Gantz menyuarakan ketidaksukaannya atas apa yang dikenal sebagai "dana koalisi" yang tidak dikurangi lagi, dan menyatakan bahwa masih ada waktu untuk menunjukkan "tanggung jawab nasional" sebelum anggaran tersebut disetujui oleh parlemen.
Baca juga: Yordania Pilih Damai dengan Israel Ketimbang Perang Berlanjut di Gaza, Trauma Tragedi Nakba?

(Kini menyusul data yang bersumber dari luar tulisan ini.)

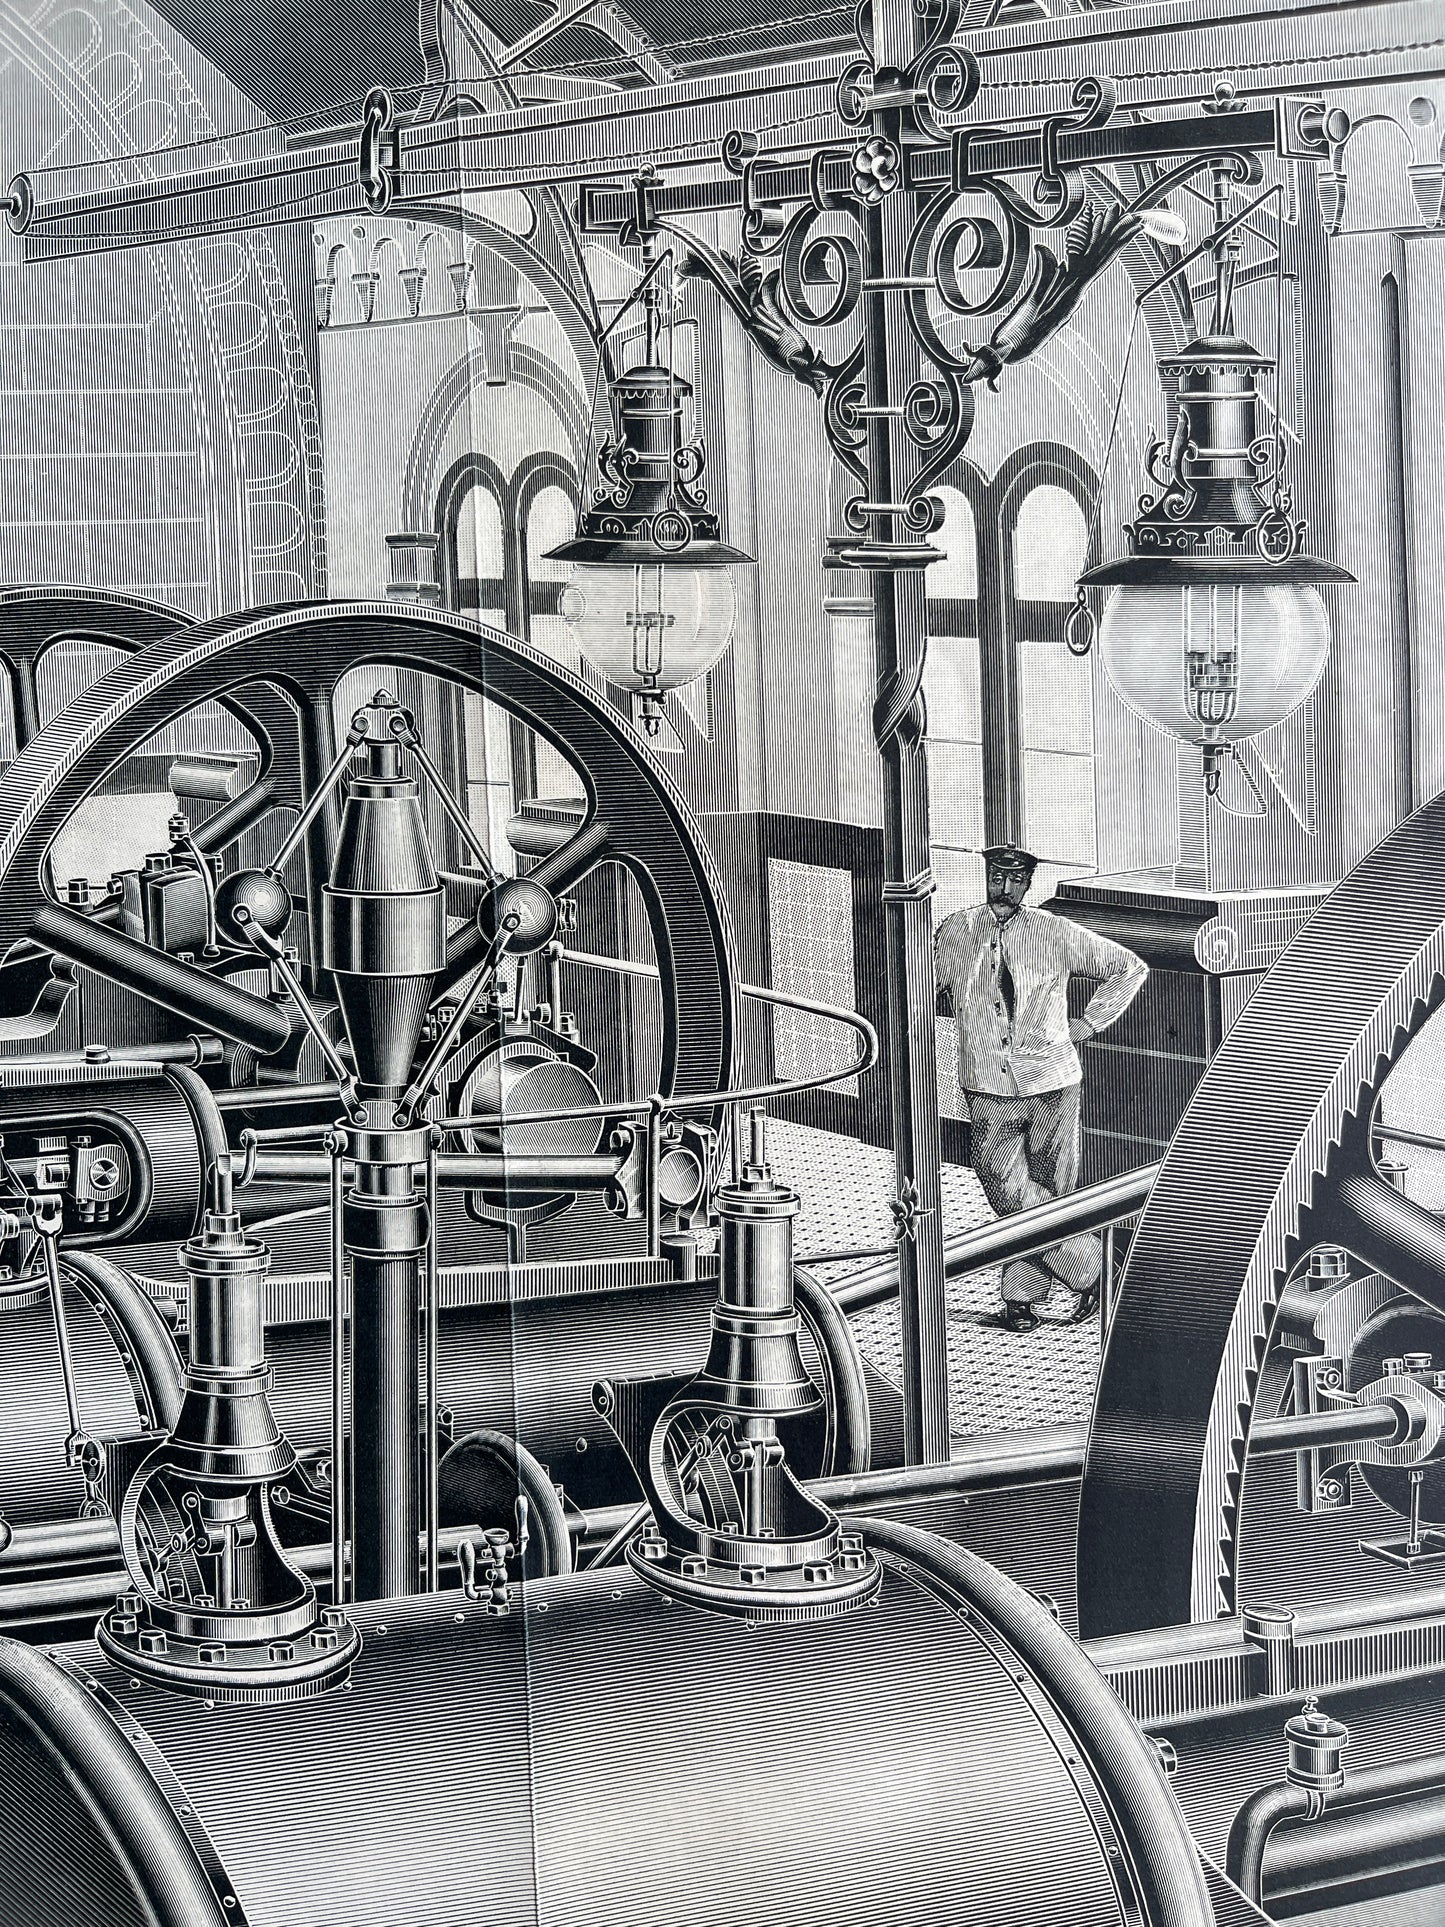 Triple-expansion pumping engines Rotterdam waterworks prent uit The Engineer uit 1897

Kritikus terhadap Netanyahu mengklaim bahwa dia telah menggunakan dana koalisi untuk meningkatkan dukungan di kalangan ultra-ortodoks dan pemukim Israel demi keuntungan politiknya sendiri. Netanyahu bergantung pada pemimpin pemukim agama Itamar Ben Gvir dan Bezalel Smotrich untuk mempertahankan koalisi pemerintahannya.
Perdana Menteri Israel bersikeras untuk memberikan dana negara kepada komunitas Yahudi ultra-ortodoks Israel meskipun ada kesulitan ekonomi yang timbul akibat perang.
Hal ini merupakan tindakan yang kontroversial karena sebagian besar anggota komunitas ini biasanya tidak bertugas di tentara Israel dan dipandang tidak membantu upaya perang yang sedang berlangsung di Gaza.
Perang Israel di Gaza kini telah menewaskan lebih dari 23.000 warga Palestina, mayoritas perempuan dan anak-anak, dan mengancam seperempat penduduk wilayah Gaza yang terkepung itu dengan ancaman kelaparan, menurut PBB.